Produce word for word the lines of the data below running from the one that has "Process Modeling and" to the one that has "Joy Division Unknown", inclusive, and no others.

## Working data
+ + + + + + +

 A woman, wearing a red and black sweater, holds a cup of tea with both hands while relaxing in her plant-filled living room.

+ + + + + + +

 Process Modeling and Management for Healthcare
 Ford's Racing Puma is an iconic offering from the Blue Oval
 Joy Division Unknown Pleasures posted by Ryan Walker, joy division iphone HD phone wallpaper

+ + + + + + +

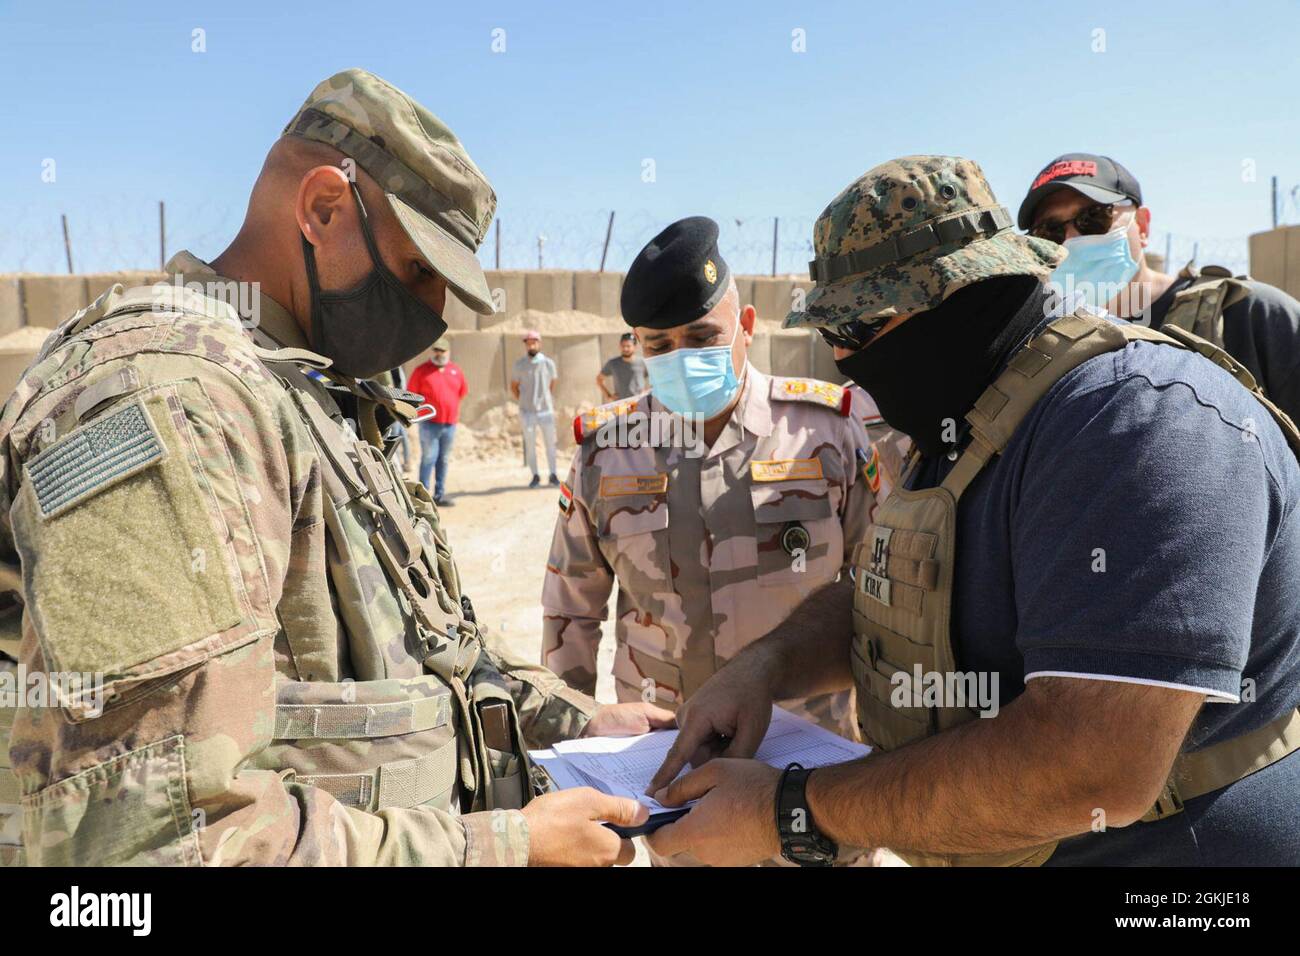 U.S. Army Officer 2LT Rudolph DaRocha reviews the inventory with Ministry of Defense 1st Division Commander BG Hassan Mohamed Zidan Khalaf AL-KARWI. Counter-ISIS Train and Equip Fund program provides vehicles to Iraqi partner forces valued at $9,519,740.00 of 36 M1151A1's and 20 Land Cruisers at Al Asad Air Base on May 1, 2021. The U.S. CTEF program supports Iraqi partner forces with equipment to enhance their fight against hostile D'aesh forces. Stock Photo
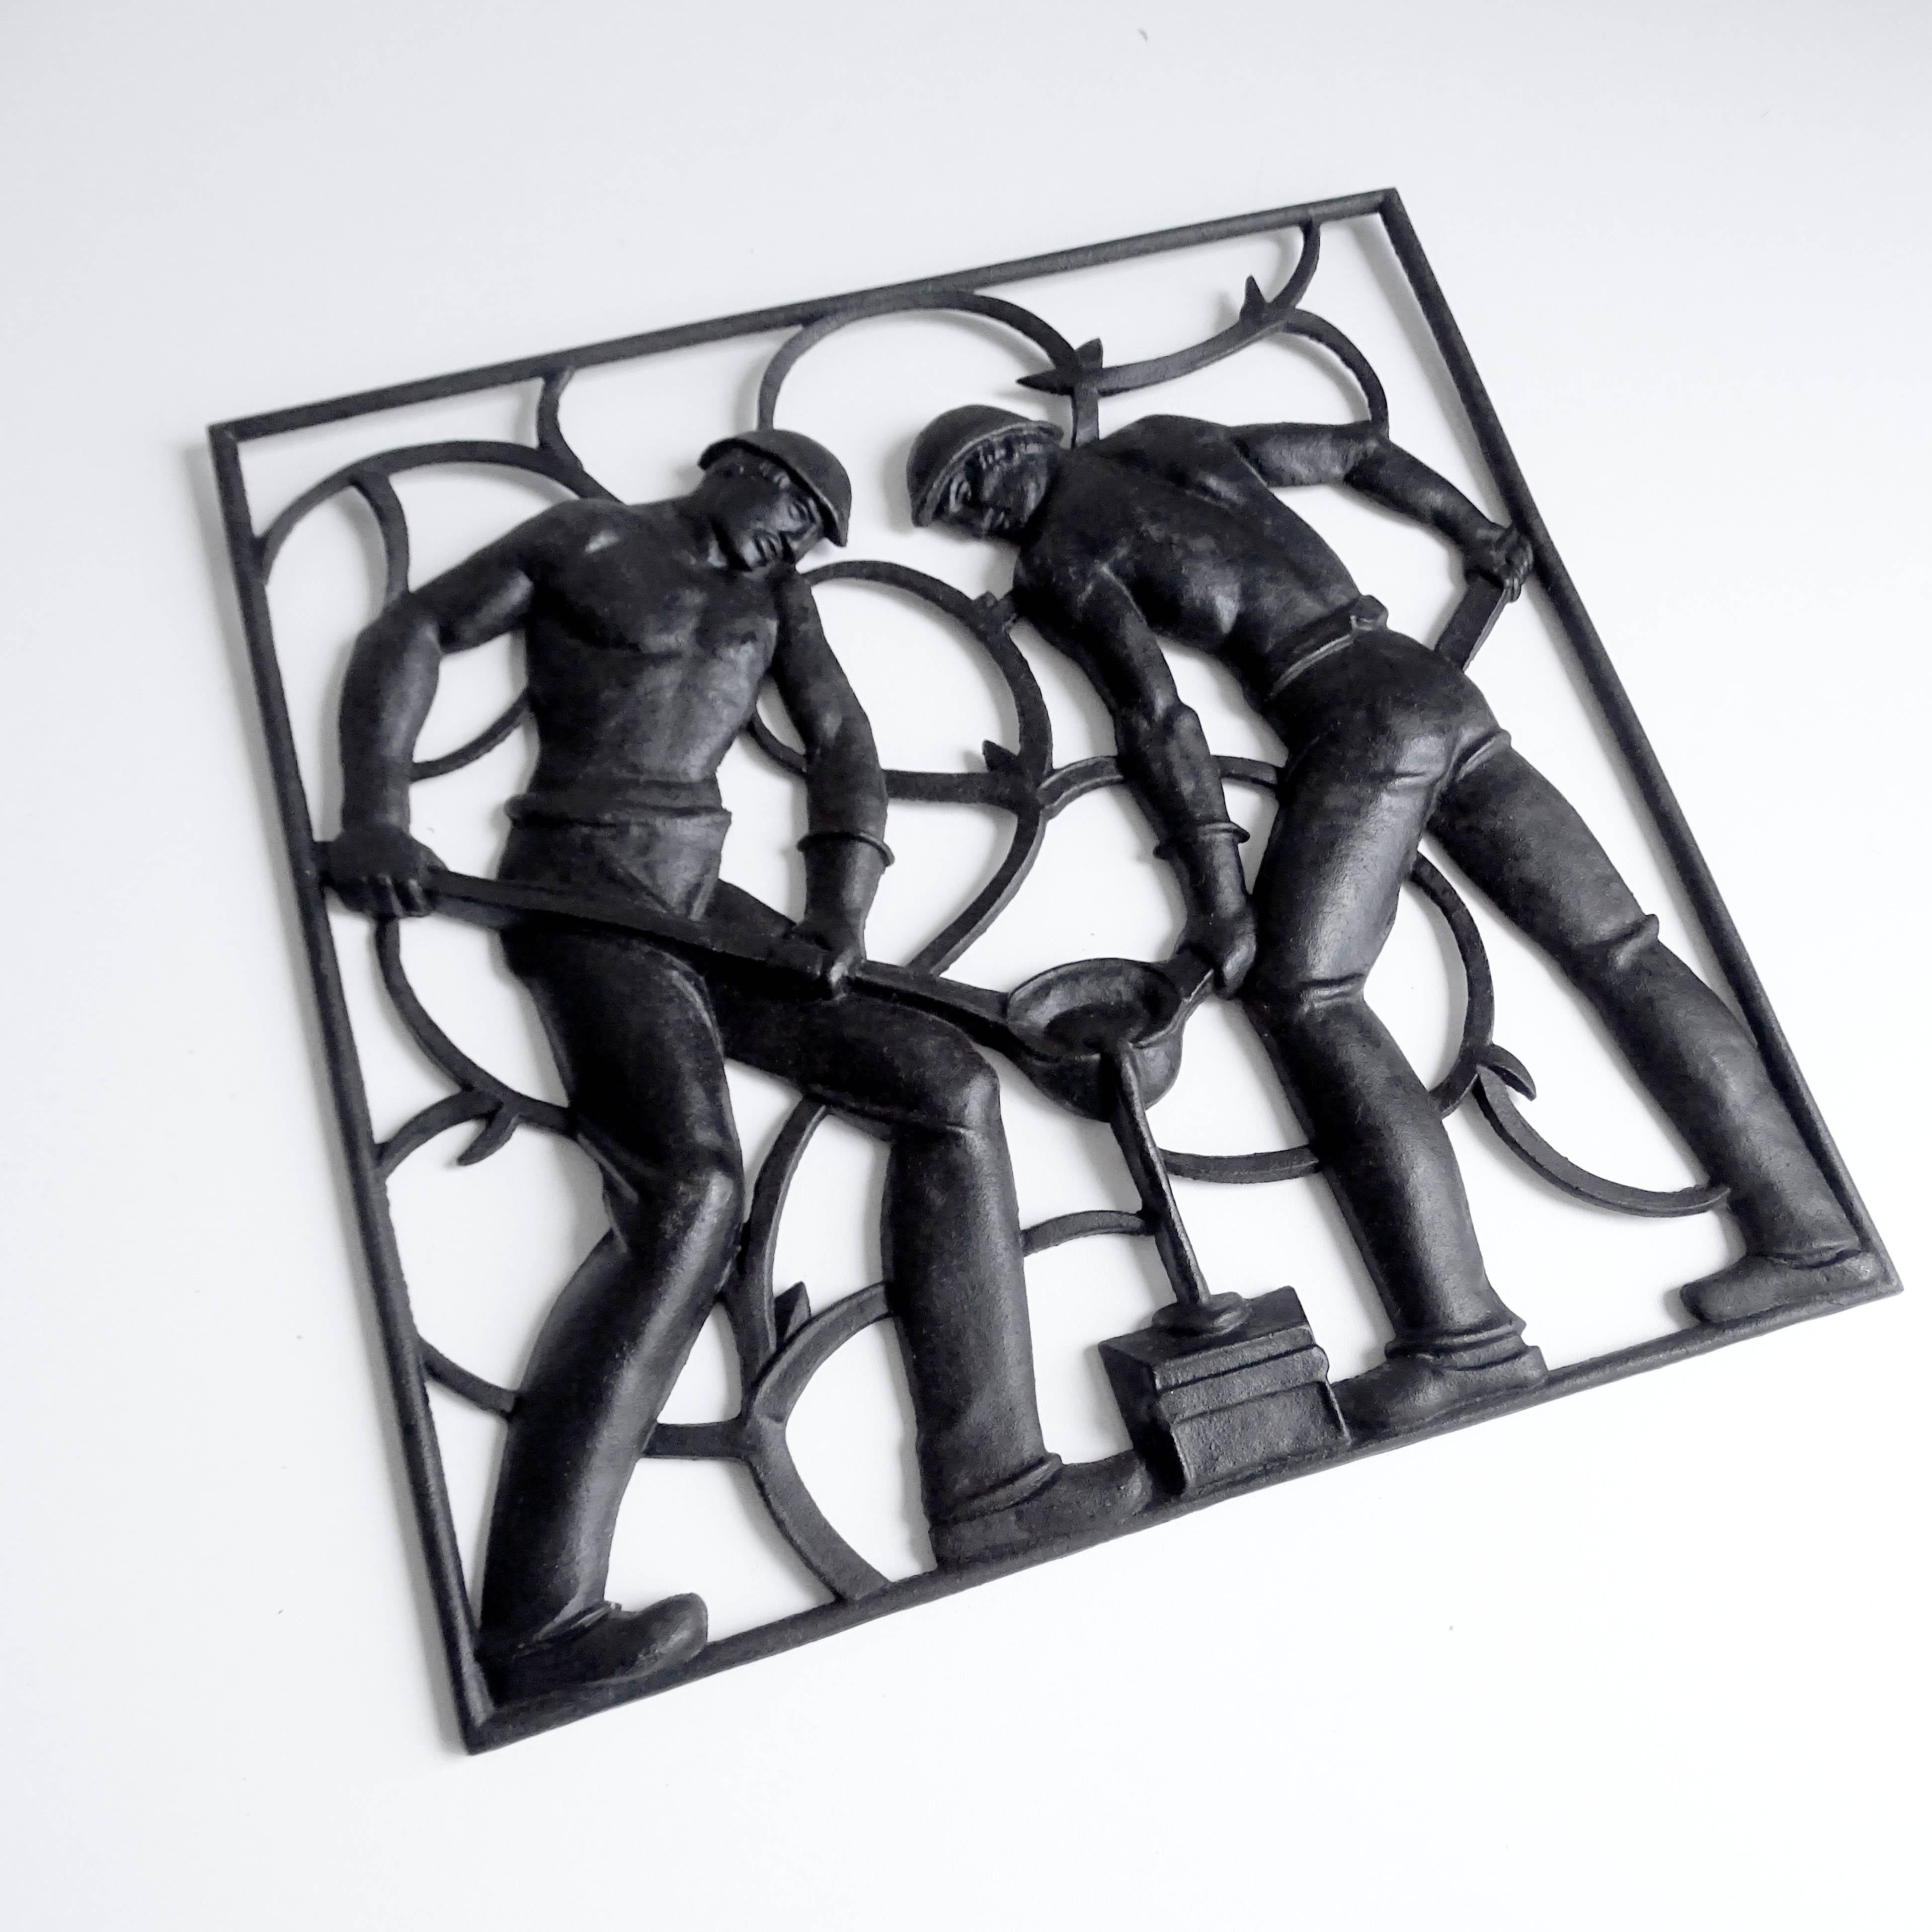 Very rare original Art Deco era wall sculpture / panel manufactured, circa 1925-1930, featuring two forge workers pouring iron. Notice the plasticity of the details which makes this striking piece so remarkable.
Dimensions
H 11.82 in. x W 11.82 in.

+ + + + + + +

## Result of the exercise
 Process Modeling and Management for Healthcare
 Ford's Racing Puma is an iconic offering from the Blue Oval
 Joy Division Unknown Pleasures posted by Ryan Walker, joy division iphone HD phone wallpaper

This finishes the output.